# If 0<= aplha,beta <= 90 and tan(alpha+beta)=3 and tan(alpha-beta)=2 then value of sin(2alpha) is?

## A) $\frac{1}{\sqrt{2}}$ B) $- \frac{1}{\sqrt{2}}$ C) $\frac{1}{2}$ D) None of these

Aug 7, 2018

$\sin \left(2 \alpha\right) = \frac{1}{\sqrt{2}}$

#### Explanation:

Here,

$0 \le \alpha , \beta \le {90}^{\circ} \implies {1}^{s t} Q u a \mathrm{dr} a n t$

Let $A = \alpha + \beta \mathmr{and} B = \alpha - \beta \implies A + B = 2 \alpha$

$\therefore \text{ Using } \tan \left(A + B\right) = \frac{\tan A + \tan B}{1 - \tan A \tan B}$

$\tan \left(2 \alpha\right) = \tan \left[\left(\alpha + \beta\right) + \left(\alpha - \beta\right)\right]$

tan(2alpha)=(tan(alpha+beta)+tan(alpha-beta))/(1- tan(alpha+beta)tan(alpha-beta))

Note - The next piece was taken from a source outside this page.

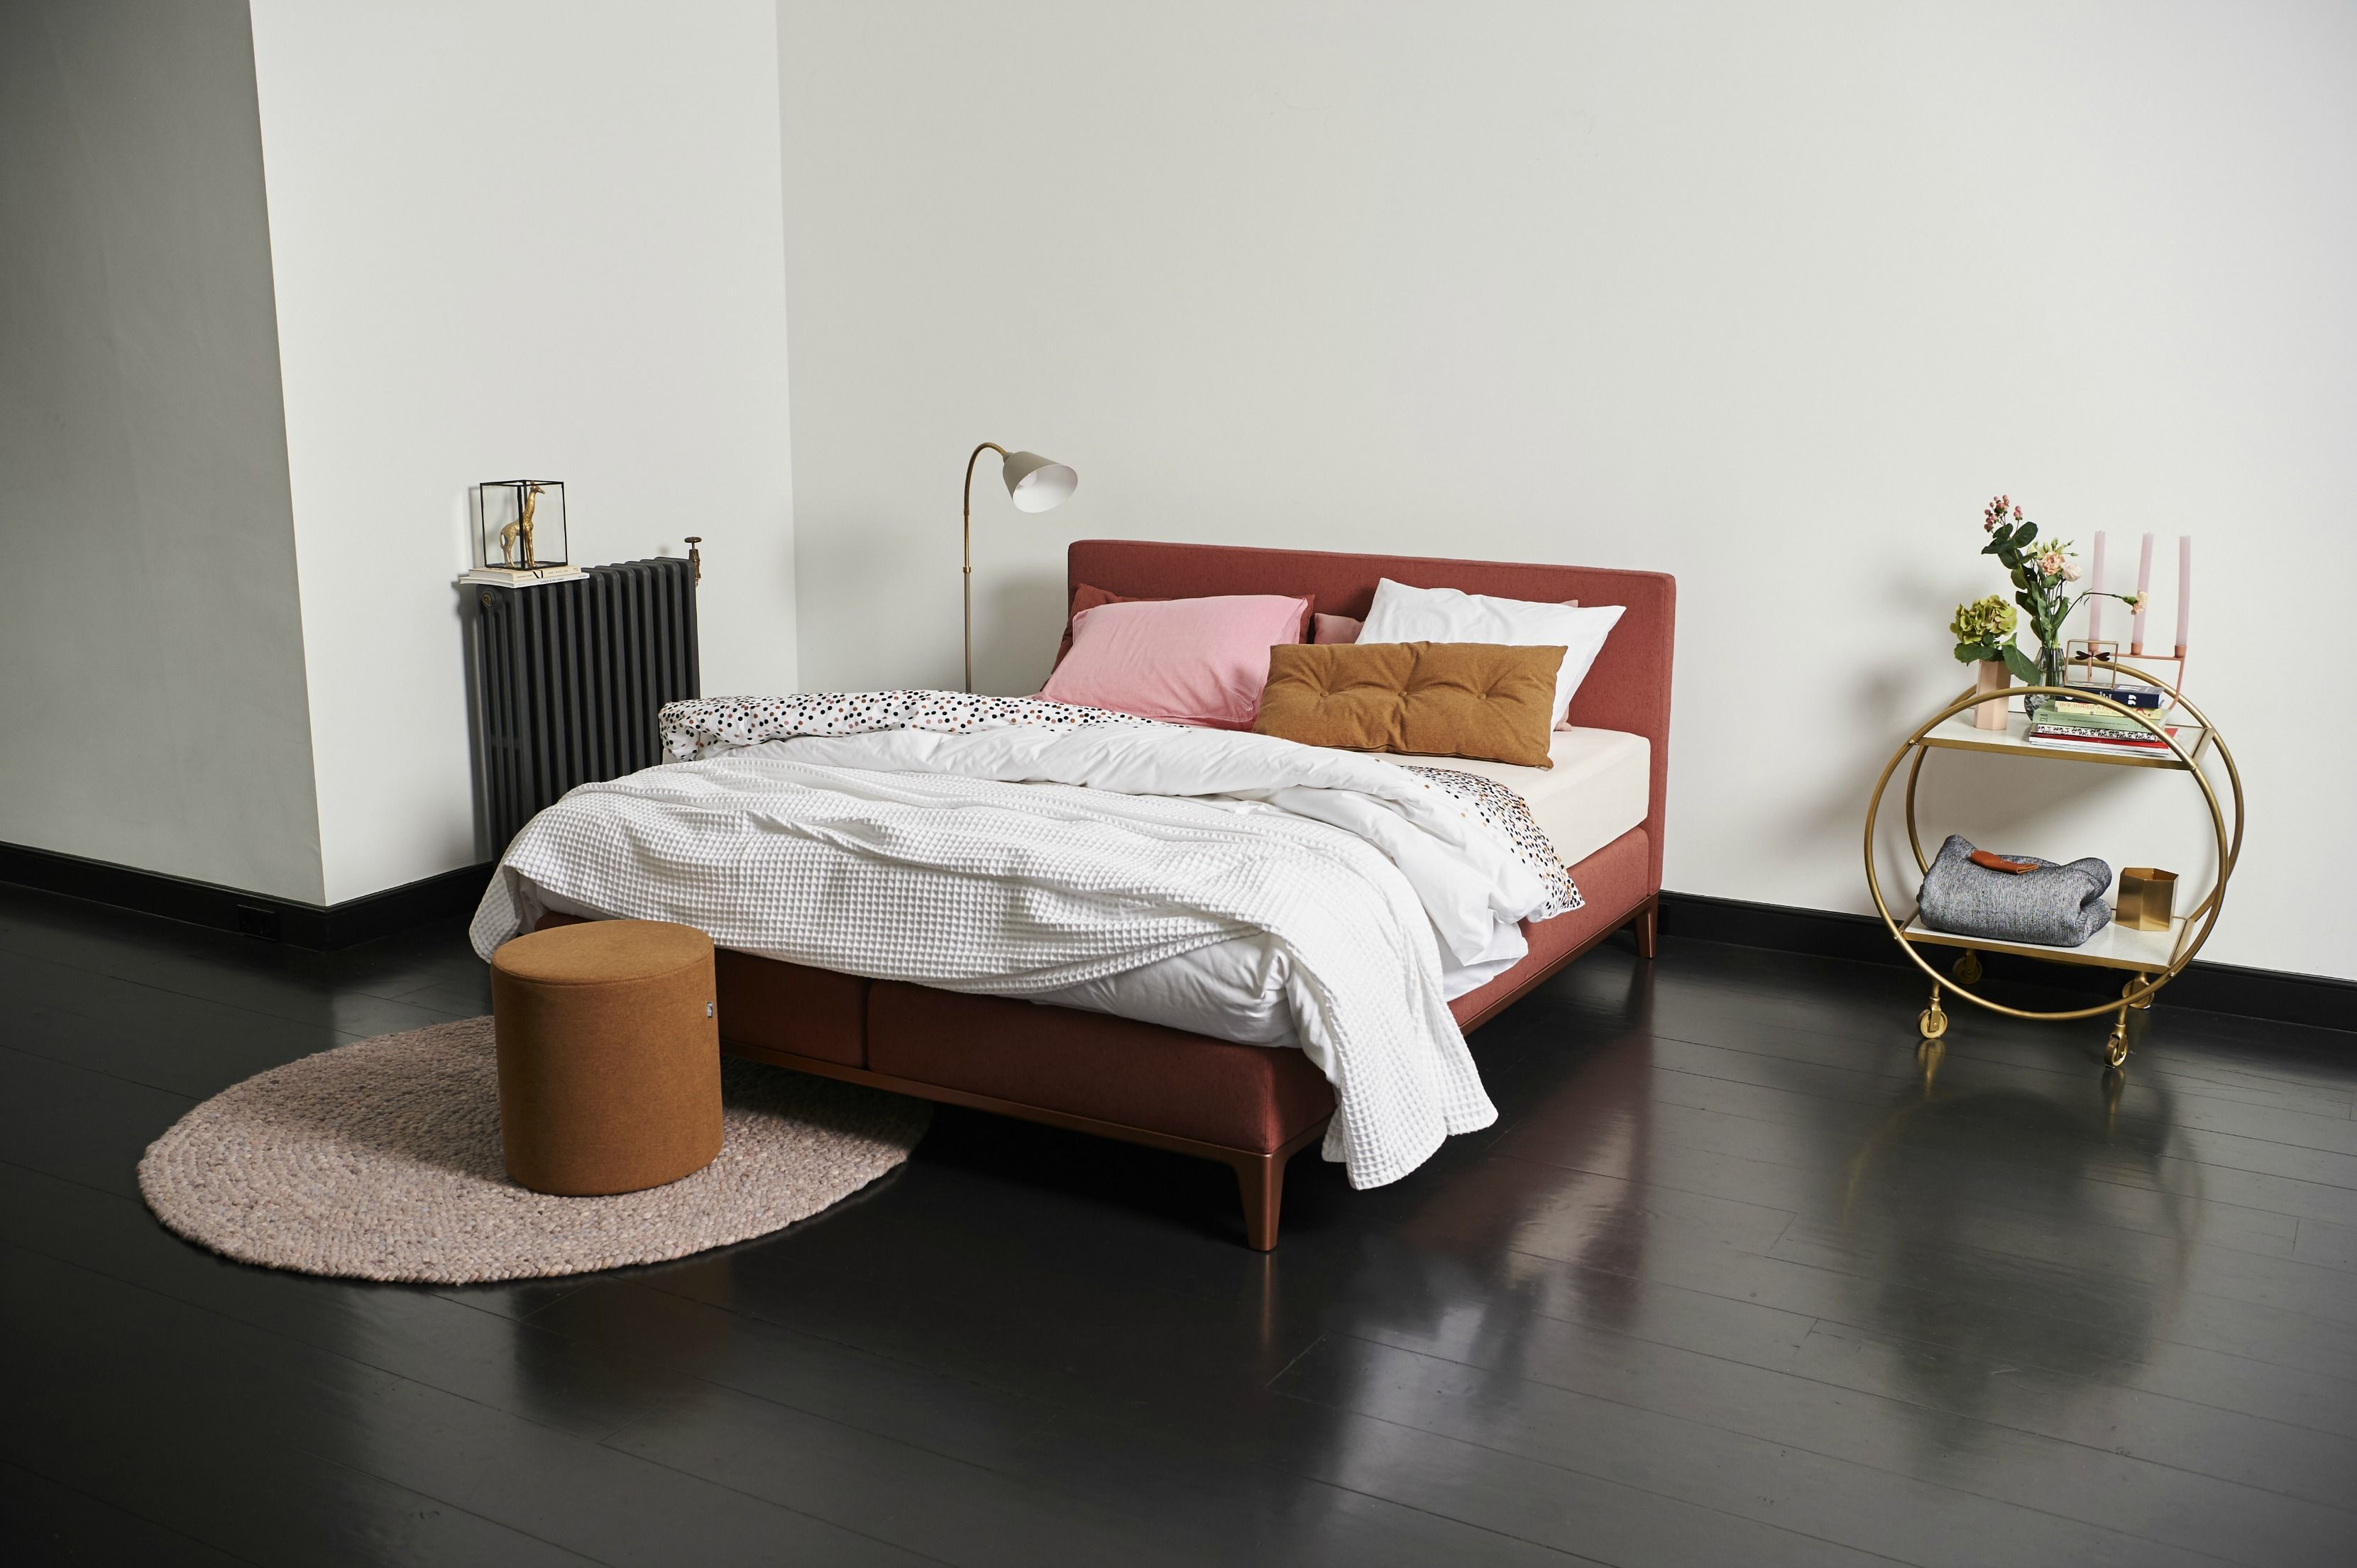 boxspringbett criade mit dem kopfteil plain der blickfang in ihrem schlafzimmer wundersch nes. Black Bedroom Furniture Sets. Home Design Ideas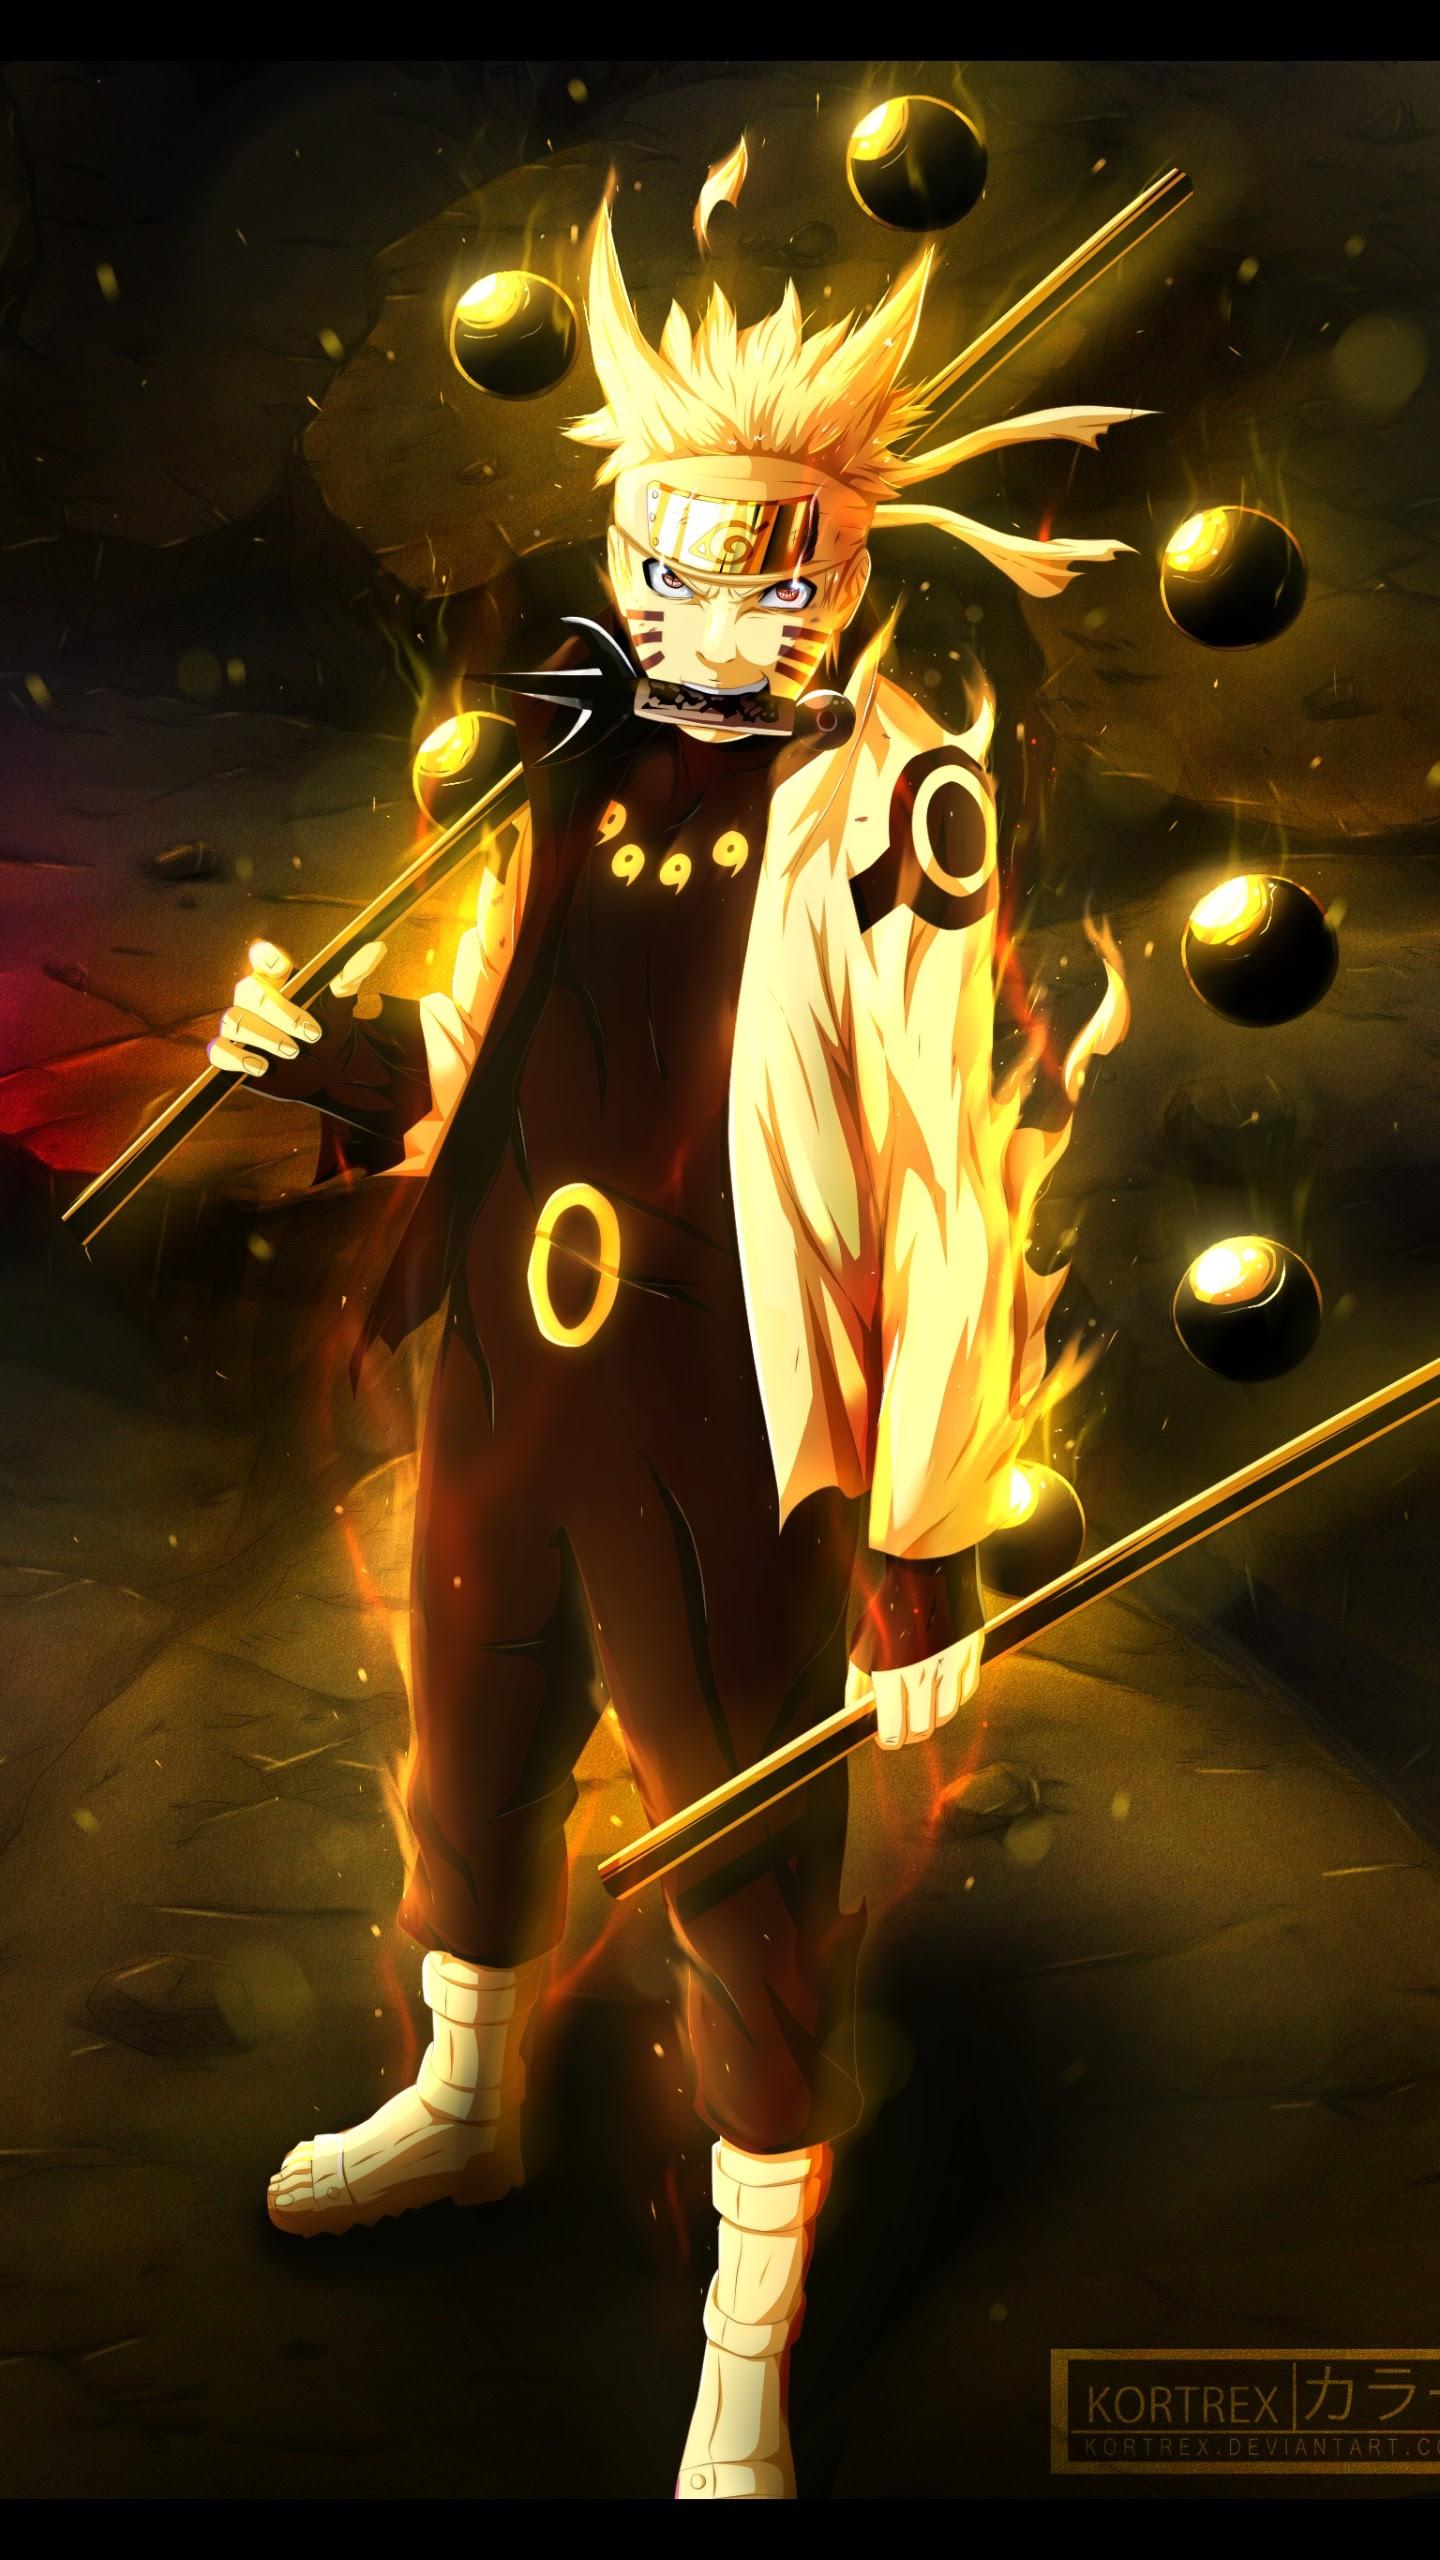 Wallpaper Anime 3d Naruto gambar ke 11

$\tan \left(2 \alpha\right) = \frac{3 + 2}{1 - 3 \cdot 2} = \frac{5}{- 5}$

$\tan \left(2 \alpha\right) = - 1 < 0$

Now ,

0 <= alpha <= 90^circ=>0 <= 2alpha <= 180^circ=>1^(st) or 2^(nd)Quadrant

But , $\tan \left(2 \alpha\right) = - 1 < 0 \implies {2}^{n d} Q u a \mathrm{dr} a n t$

So , $2 \alpha = \pi - \frac{\pi}{4}$

$\therefore \sin \left(2 \alpha\right) = \sin \left(\pi - \frac{\pi}{4}\right) = \sin \left(\frac{\pi}{4}\right)$

$\therefore \sin \left(2 \alpha\right) = \frac{1}{\sqrt{2}}$